За мостами была неглубокая лощина с парой ветхих домишек, которые каждую весну затапливало паводком, но все равно их кто-то заселял — все время разные люди. Потом был еще один мост — через мельничный лоток, узкий, но глубокий, утонуть хватит. Потом дорога раздваивалась — можно было свернуть на юг, перевалить через холм и еще раз пересечь реку, после чего эта дорога превращалась в настоящее шоссе. А можно было пойти по другой дороге и, обогнув участок, где когда-то устраивалась ярмарка, свернуть на запад.

Я сворачивала на запад.

Была еще дорога на север — вдоль нее шел недлинный, но настоящий тротуар и стояли дома, тесно, как в городе. У одного в окне до сих пор висела вывеска «Чай „Салада“» — память о том, что здесь когда-то была продуктовая лавка. За этими домами стояла школа — я проходила в нее целых два года и была бы счастлива больше никогда в жизни ее не видеть. По прошествии этих двух лет мать заставила отца купить старый сарай в городке — так отец становился городским налогоплательщиком и я получала право ходить в городскую школу. Потом оказалось, что это было не обязательно — в тот год и в тот самый месяц, когда я пошла в школу в городе, началась война с Германией, и, словно по волшебству, старая школа — где злые дети отбирали у меня завтрак и угрожали меня побить и где, кажется, никто ничему не учился, потому что учиться в таком хаосе было невозможно, — постепенно сошла на нет. Скоро от нее остался только один класс и один учитель, который, вероятно, даже не запирал двери на перемене. По-видимому, те мальчишки, что все время риторически и пугающе спрашивали, хочу ли я «трахаться», так же стремились выйти на работу, как их старшие братья — уйти на фронт.

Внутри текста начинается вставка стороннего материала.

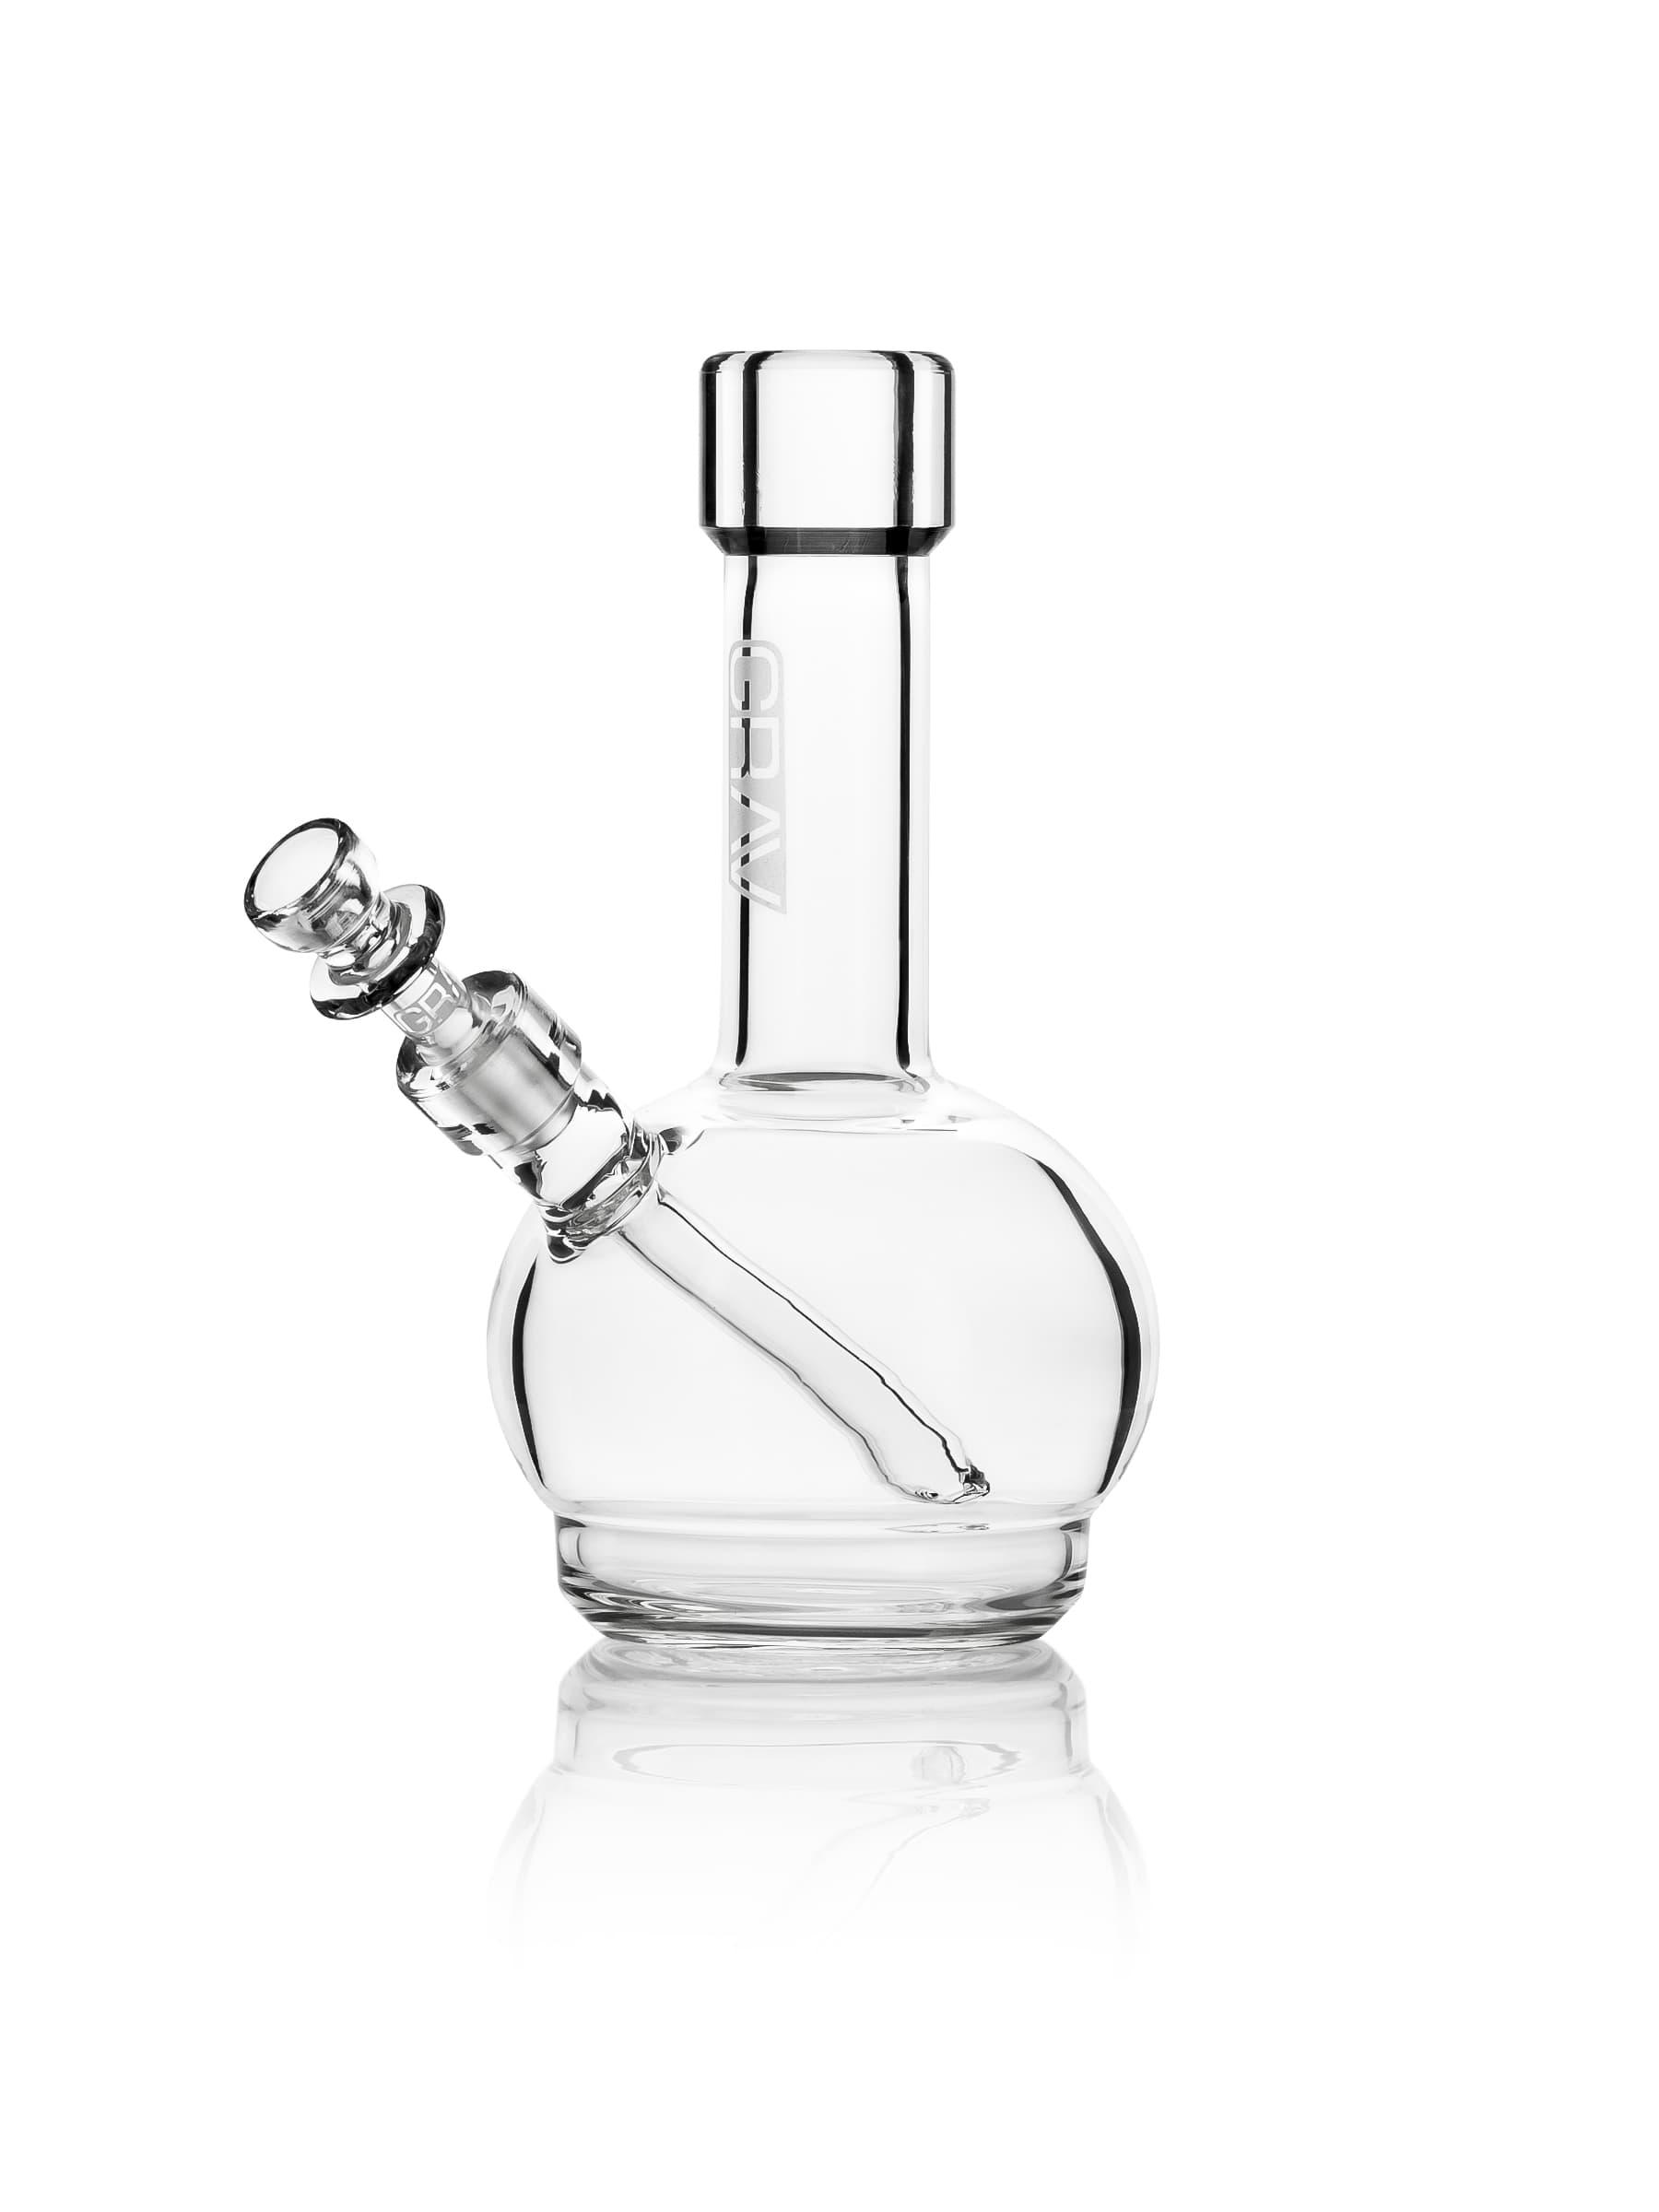 Bubblers for Sale  Bubbler Pipes and Bongs

Не знаю, затронул ли прогресс школьные туалеты, но в мое время они были хуже всего. Конечно, дома мы тоже пользовались выгребной ямой, но у нас туалет, по крайней мере, был чистый и даже с линолеумом на полу. В школе же никто не старался целиться в дыру — то ли чтобы показать свое презрение к окружающим, то ли по какой иной причине. В городе, впрочем, мне тоже пришлось нелегко во многих отношениях — все остальные учились вместе с первого класса, и я многого не знала из того, что знали они, — но каким счастьем был вид незапятнанных туалетных сидений и благородный городской звук воды, текущей в сливном унитазе.